The present study reports the development of an effective approach for the CRISPR/Cas9-mediated targeted gene knockout in the avian species without using in vitro genetic modification of PGCs. Instead of modifying PGCs in vitro, the recombinant adenovirus type 5 containing the optimized CRISPR/Cas9 vector for quail cells was directly injected into the EGK stage XI quail blastoderm in the newly laid eggs (17). At the time of injection, there are only 2–3 PGCs (18) among 32,500–46,250 cells in the quail blastoderm (17), and the PGCs rapidly proliferate up to more than 100 cells within 18 h of egg incubation (18). The influence of PGC proliferation during the early development of the blastoderm, in addition to the rate and timing of viral infection, may have affected the germline transmission efficiencies (2.4–10%) among knockout quail lines in the present study. The genotypes of G2 progeny exhibited Mendelian inheritance patterns, indicating the MLPH knockout did not affect viability of the embryos. From all mutant lines, MLPH−/− quail exhibited gray plumage; however, MLPH+/− quail exhibited dark brown plumage similar to wild-type quail. The gray plumage color of MLPH−/− quail clearly demonstrates the phenotype of the autosomal recessive inheritance.

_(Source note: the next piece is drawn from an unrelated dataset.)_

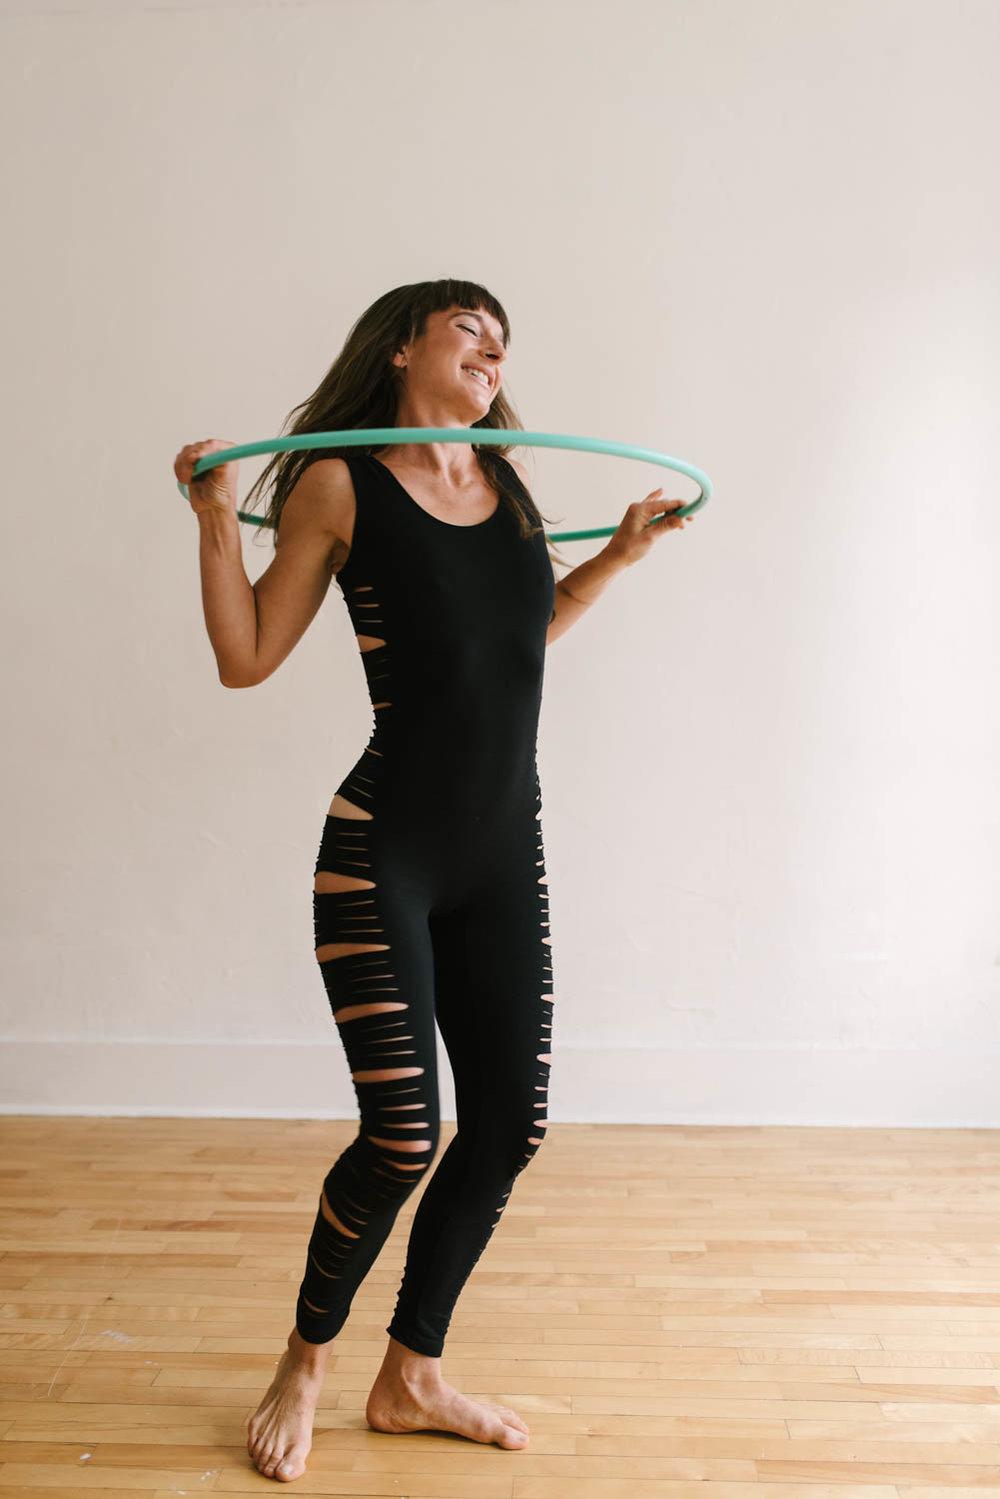 woman-with-hula-hoop-color-©Copyright-Elisabeth-Waller.jpg

In addition, there were no differences in body weight among male quail from wild-type, MLPH+/−, and MLPH−/− quail genotypes when the body weight of male quail plateaued at 7 wk of age (19). The body weight of female quail was not assessed because the timing of daily egg production caused a significant fluctuation in body weight (20). Furthermore, mating of MLPH−/− pairs resulted in the production of MLPH−/− offspring. These data indicate the knockout of the MLPH gene does not affect the growth and reproductive capacity of MLPH−/− quail.

The lentiviral vector has been primarily used for the generation of transgenic birds (2126) because of its effectiveness to integrate transgenes into the host’s genome (27), and as a consequence, transfer transgenes onto offspring of the subsequent generation. However, this particular advantage of the lentivirus for the generation of transgenic birds may not be desirable for the generation of the CRISPR/Cas9-mediated gene knockout birds because integration of the CRISPR/Cas9 vector would result in a sustained expression of gRNA and Cas9 and can result in an increased probability of off-target mutations. In support of this, results from a recent study demonstrated that the integrase-competent lentiviral vector resulted in more off-target mutations compared with the use of the integrase-deficient lentiviral vector in the human embryonic kidney (HEK293T) cells (28). Therefore, the replication-defective adenovirus type 5 (27) was selected as a delivery system for gRNA and Cas9 expression cassettes because of the advantage of episomal transduction of the nonintegrating viral vector (27, 29), and the transient expression of transgenes resulting from clearance of the adenoviral vector as a result of the host’s innate immune system (30, 31). In addition, nonintegrated foreign DNA is diluted and not propagated, as cells proliferate rapidly (29) in the blastodermal developmental stage. Considering these characteristics of adenovirus-mediated gene delivery, the adenoviral vector may be a more desirable delivery system that prevents potential off-target mutations because of temporary expression of gRNA and Cas9.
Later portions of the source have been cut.